Romanowski Tomasz, Sikorska Katarzyna, Bielawski Krzysztof Piotr
Pracownia Diagnostyki Molekularnej, Miedzyuczelniany Wydział Biotechnologii Uniwersytetu Gdańskiego i Akademii Medycznej w Gdańsku.
Postepy Hig Med Dosw (Online). 2006;60:217-26.
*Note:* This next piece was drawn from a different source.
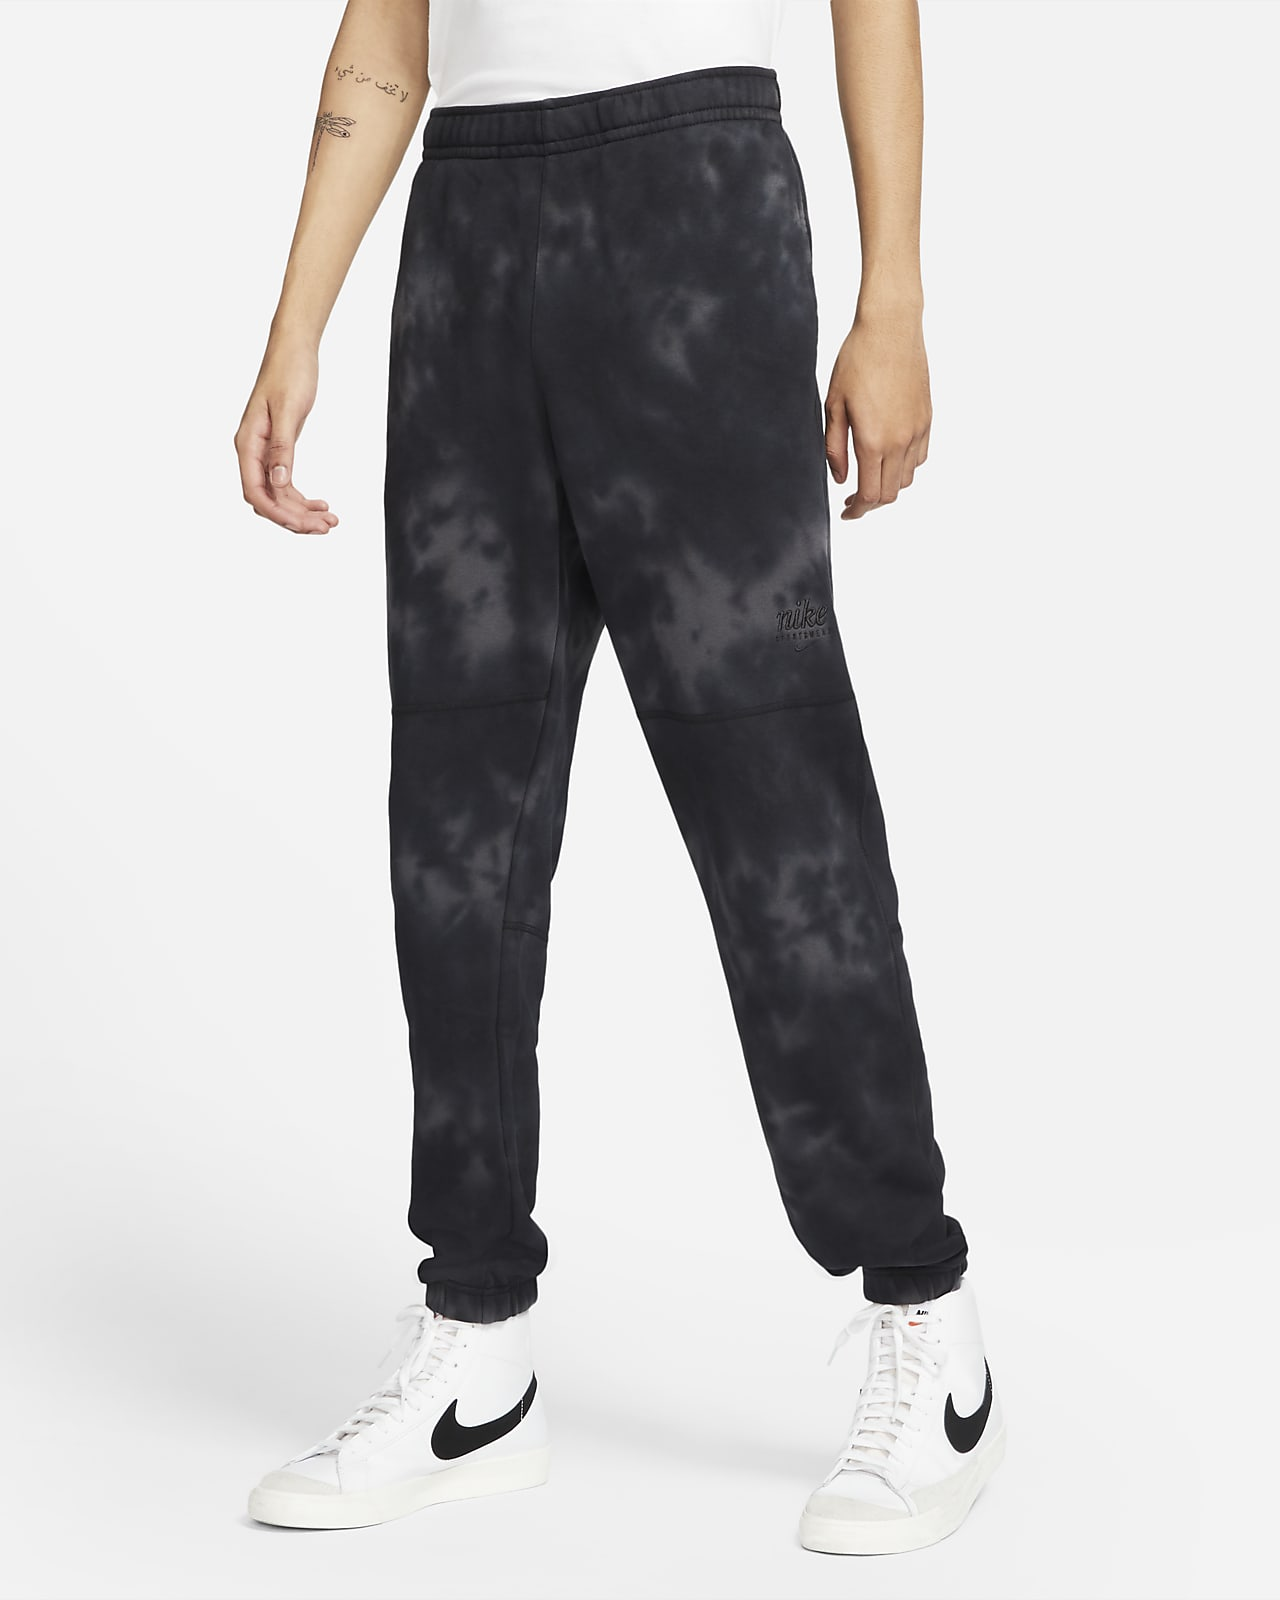 Nike Sportswear Club Men's Tie-Dye French Terry Pants

Hereditary hemochromatosis (HH) is a genetic metabolic disease characterized by increased intestinal iron absorption and progressive iron loading in the cells of various organs. Human body iron homeostasis involves a number of complicated processes, some of which are not identified yet. Genetic analysis of patients affected by HH recently led to the discovery of many novel proteins and mechanisms that can influence the uptake, transport, storage, and excretion of iron. It also showed that hemochromatosis is a very complex disease and that the type of mutation can influence its clinical manifestation. This review presents the current knowledge about the mechanisms of iron metabolism and describes the types of hereditary hemochromatosis and the mutations which induce the disease.
遗传性血色素沉着症(HH)是一种遗传性代谢疾病,其特征是肠道铁吸收增加以及各器官细胞中铁的渐进性蓄积。人体铁稳态涉及许多复杂过程,其中一些尚未明确。对HH患者的基因分析最近发现了许多可影响铁摄取、运输、储存和排泄的新蛋白质和机制。研究还表明,血色素沉着症是一种非常复杂的疾病,突变类型可影响其临床表现。本文综述了目前关于铁代谢机制的知识,并描述了遗传性血色素沉着症的类型以及引发该疾病的突变。